--- WHAT YOU NEED TO DO ---
Exactly reproduce the lines from the line bearing "loveland frogman illustration" through the end of the listing, inclusive of both; pictures are to be omitted.

--- INPUT DATA ---
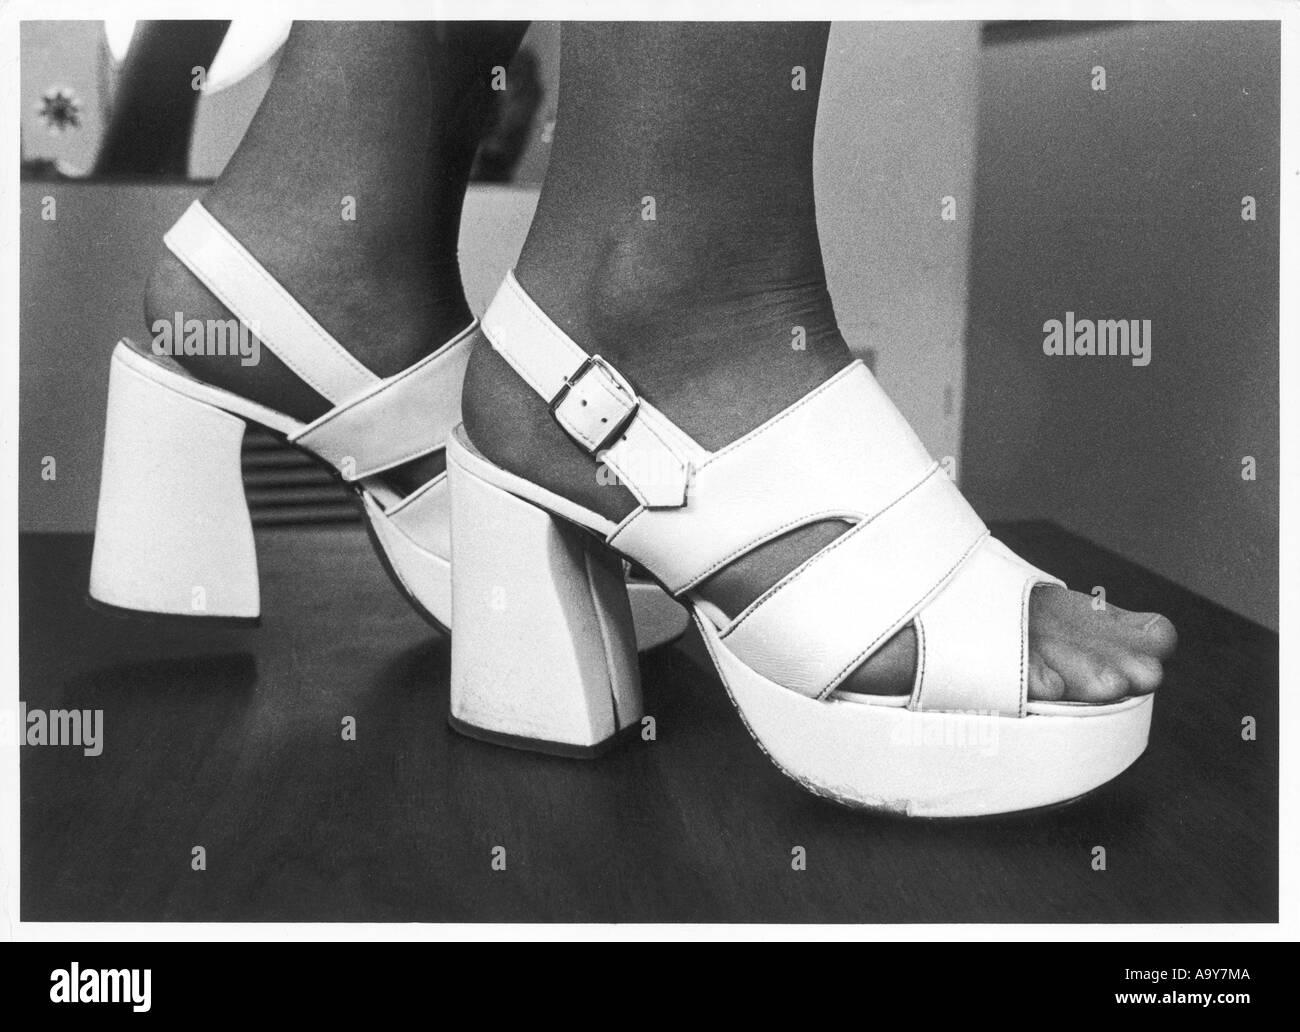 05d2bdb7f746 Platform Shoes 1970s Stock Photos   Platform Shoes 1970s Stock ...
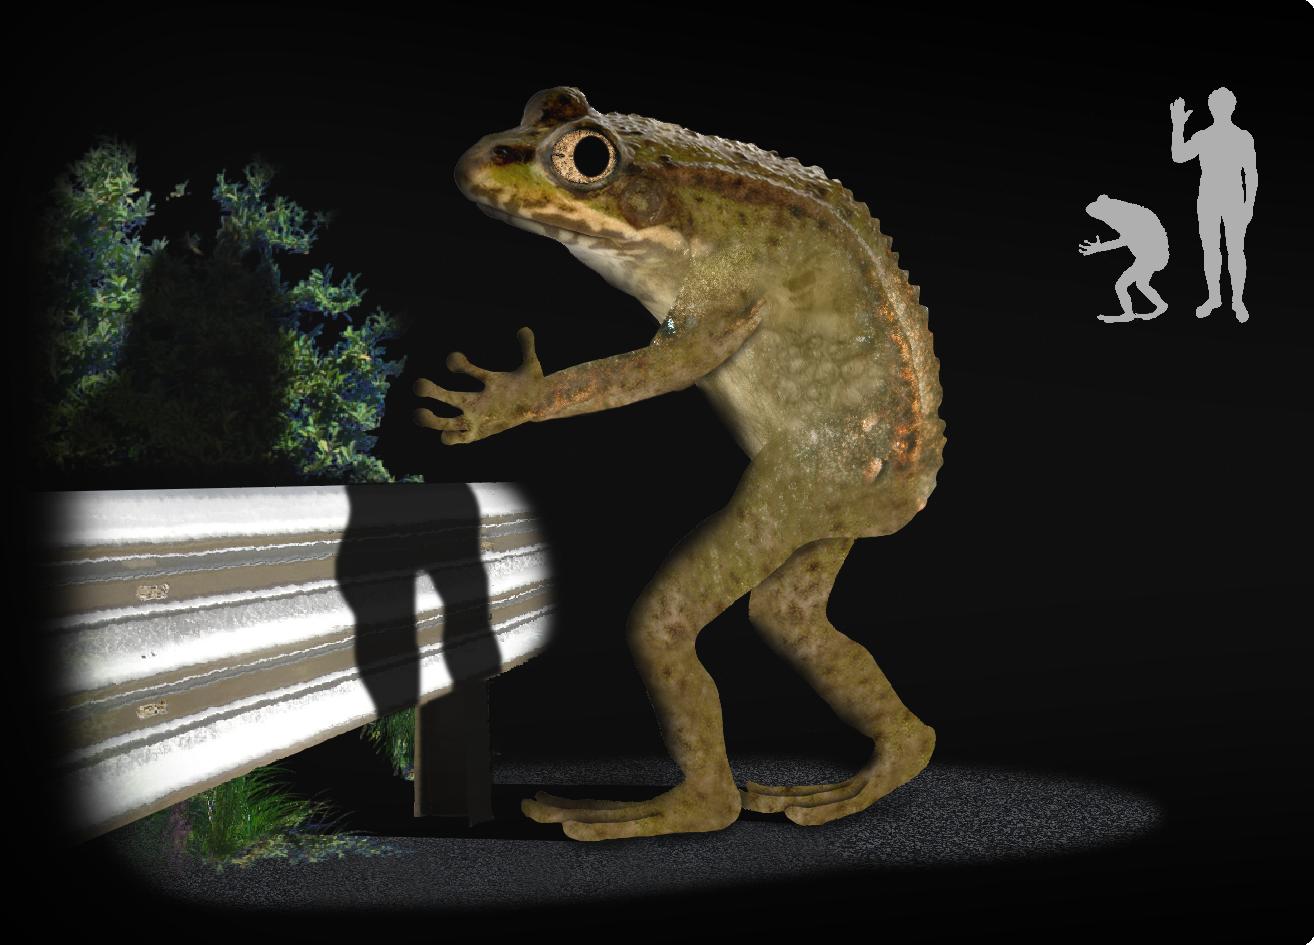 loveland frogman illustration
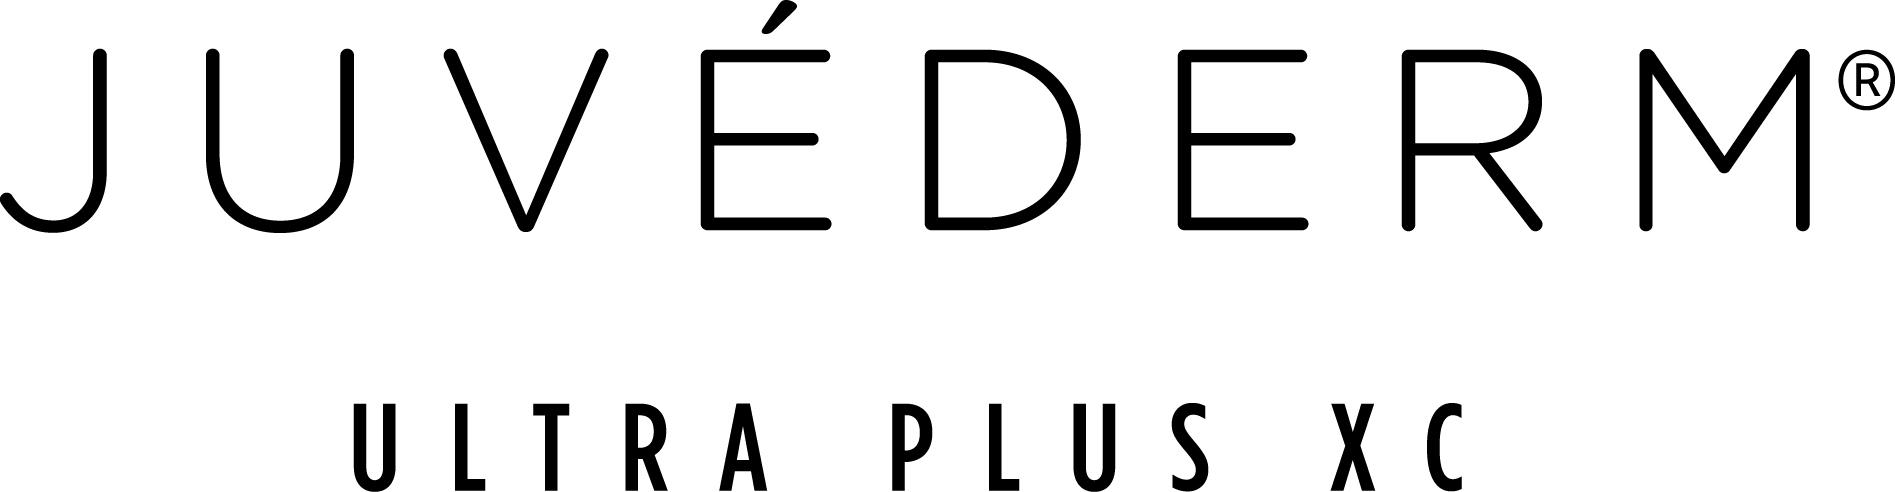 New Juvederm UltraPlus XC logo

--- SOLUTION TO THIS TASK ---
 loveland frogman illustration
 New Juvederm UltraPlus XC logo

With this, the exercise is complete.